= Peter Manifold =

English pastoralist and politician in Australia (1817–1885)

Peter Manifold (1817–1885) was an English pastoralist and politician of western Victoria.

== Early life ==
Born in 1817 to William and Mary Manifold in Bromborough, Cheshire, England.

Emigrated to Tasmania.

== Pastoral activities ==
He arrived in Geelong in Victoria from Tasmania in July 1836 after his brother Thomas was the first to land sheep at Point Henry in February 1836.

Peter Manifold and his brothers took up a sheep run around Batesford, occupying land both side of the Moorabool River. But after a few years looked to Victoria's western district for pasture.

The Purrumbete property consisted of 100,000 acres, taking in the areas of Camperdown and Mount Leura. The Manifold Brothers (Thomas, John and Peter) bred sheep, cattle and horses. During the nineteenth century they were among the largest landholders in Victoria.

In 1857-60 the Purrembeet homestead was constructed.

=== Conflict with Aboriginals ===
Conflict between the Manifold brothers and the Djargurd Wurrung people occurred.

The ancestral home, that was initially chosen for its defensive position against the aboriginals, was located on the banks of Lake Purrumbete. The first slab-hut was built around 1.2 kilometers from the present site. It was later abandoned, however, due to conflicts with the aboriginals, whom they previously had many adventures with.
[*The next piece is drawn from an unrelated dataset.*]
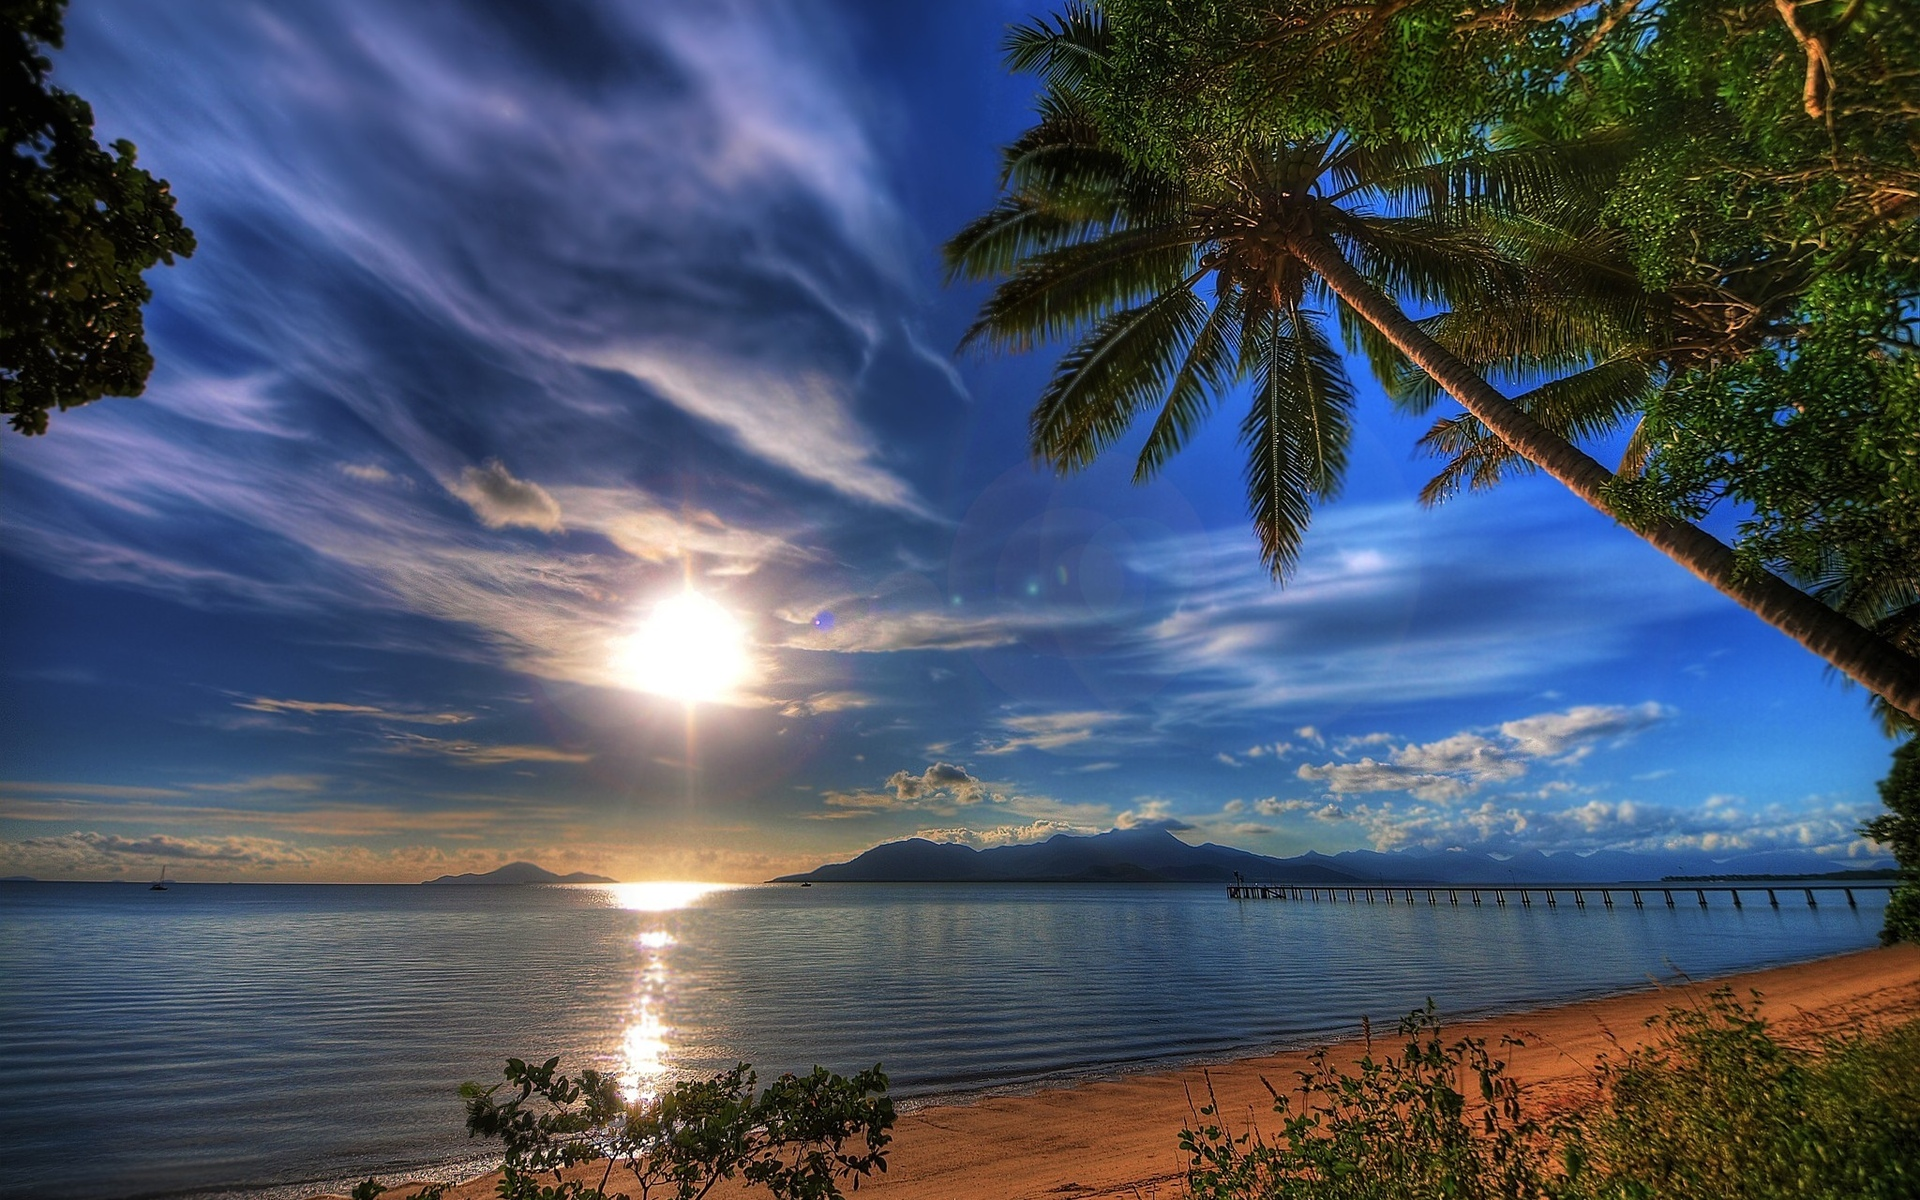 вечерний пейзаж на море картинки ефремова

In 1840, Peter Manifold along with another pastoral squatter Arthur Lloyd presented to the Geelong police magistrate the following signed deposition of aboriginal sheep stealing and subsequent shootings.

On 12 September 1840, Mr Arthur Lloyd reported that upon his absence on 21 August 1840, 100 of his sheep were driven away from his station by the natives. At the time, Peter Manifold's also had 84 of his sheep driven away. Together, Peter Manifold, his brother, and Arthur Lloyd, traced down the natives and rescued 56 of Peter Manifold's sheep. Upon confrontation, there were approximately 40 to 50 natives who presented their spears and showed signs of hostility, at which Peter Manifold, his brother, and Arthur Lloyd open-fired.

== Later life ==
Peter Manifold became a member of the Hampden and Heytesbury Road Board in 1859.

He was then elected a member of the Hampdenshire Council and remained a member until 1866.

== Personal life ==
Peter Manifold was unmarried.

== Death ==
Peter Manifold died aged 68, on 31 July 1885 after several months of ill health.